Malpractice Risks With NPs and PAs in Your Practice

Mark Crane

Disclosures

January 03, 2013

In This Article

A $217 Million Malpractice Case Involving a PA

The second-largest malpractice award in US history focused directly on how a medical practice credentialed and supervised a midlevel provider. Although the facts in the cases are unique, they can provide lessons for all physicians who work with PAs.

In 2007, a jury in Tampa, Florida, awarded $217 million, including $100 million in punitive damages, to a man whose cerebellar stroke was misdiagnosed as sinusitis at a hospital ED in 2000. The then-44-year-old mechanic presented with headache, nausea, dizziness, confusion, and double vision. He had a history of hypertension, diabetes, and elevated cholesterol and had a family history of stroke.

A midlevel provider ordered blood tests and CT without contrast, which were approved by the ED physician. Both were employed by a medical group that contracted with the hospital to run the ED. The first CT scan was negative for stroke, as was a second one done a few hours later with contrast. The ED physician didn't repeat the examination, history, or neurologic assessment. Instead, he relied on the extender's findings to diagnose "sinusitis/headache," the lawsuit said. The doctor prescribed a painkiller and an antibiotic and discharged the patient.

The next morning, the mechanic awoke with a severe headache, slurred speech, nausea, confusion, and trouble walking. He returned to the ED. A new CT scan showed that he had had a stroke. A shunt was inserted into his brain to relieve intracranial pressure, but the damage was irreversible. The man was left paralyzed and with mental disabilities. He remained in a coma for 3 months and spent the next 6 months at care facilities. He remains paraplegic.

The lawsuit alleged that the patient presented with classic stroke symptoms that the ED doctor should have detected. The crucial part of the trial involved the midlevel provider. It took 16 months before the medical group revealed his name, describing him only as an "expediter" who served as a note-taker, or scribe, to help the ED doctors. When lawyers deposed him, they learned that he was an unlicensed PA, having failed the state licensure test for PAs 4 times. He denied during depositions that he performed patient examinations.

The ED physician testified that he'd assumed the midlevel was a licensed PA and that he didn't need to redo the history and examination. The doctor and his medical group blamed each other. The doctor said he would have redone the examination if he'd known that the expediter was unlicensed. The medical group's leader said it was the doctor's responsibility to ask the expediter about his status.

There had been no written guidelines for what the midlevel provider was authorized to do. "This group created this system that was ripe for mishap, to push more people through the ED so they could increase profits," said plaintiff's attorney David Dickey. "Instead of hiring a real PA or another ED doctor, they used the midlevel to save money."

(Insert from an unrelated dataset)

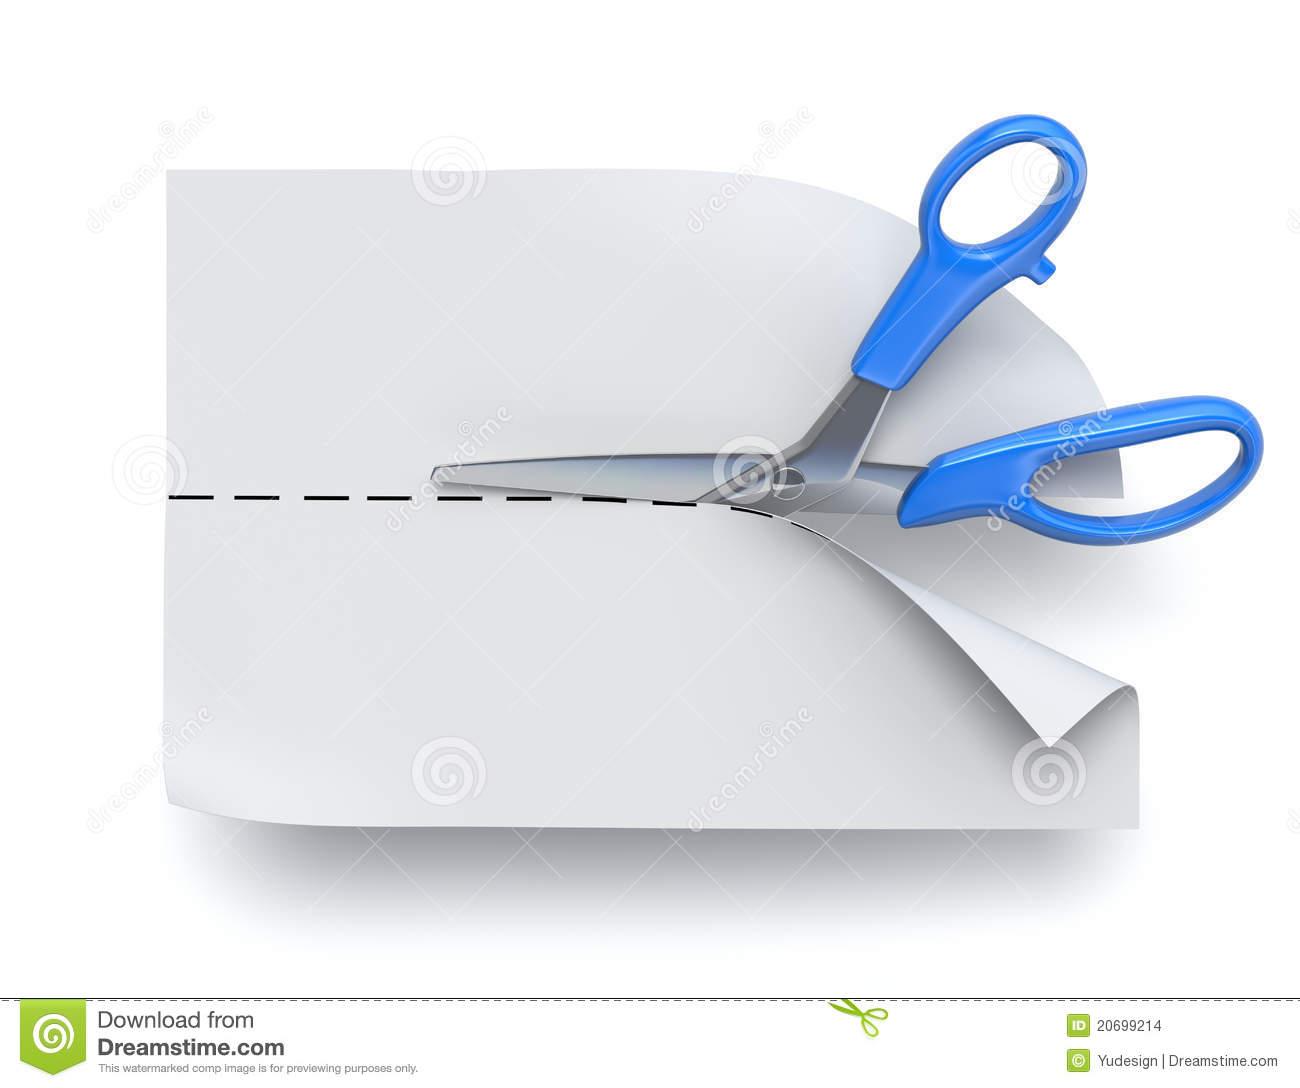 Scissors cutting paper stock illustration. Illustration of page.

The jury was clearly outraged, finding that the group had tried to conceal the midlevel's involvement from the plaintiffs and placed profits over patient safety.

Lawsuits involving midlevel providers are likely to grow as their numbers expand and their scope of practice increases owing to pressure from the doctor shortage and the Affordable Care Act. They can provide a tremendous benefit to your practice -- if you follow established protocols about supervision, say risk managers.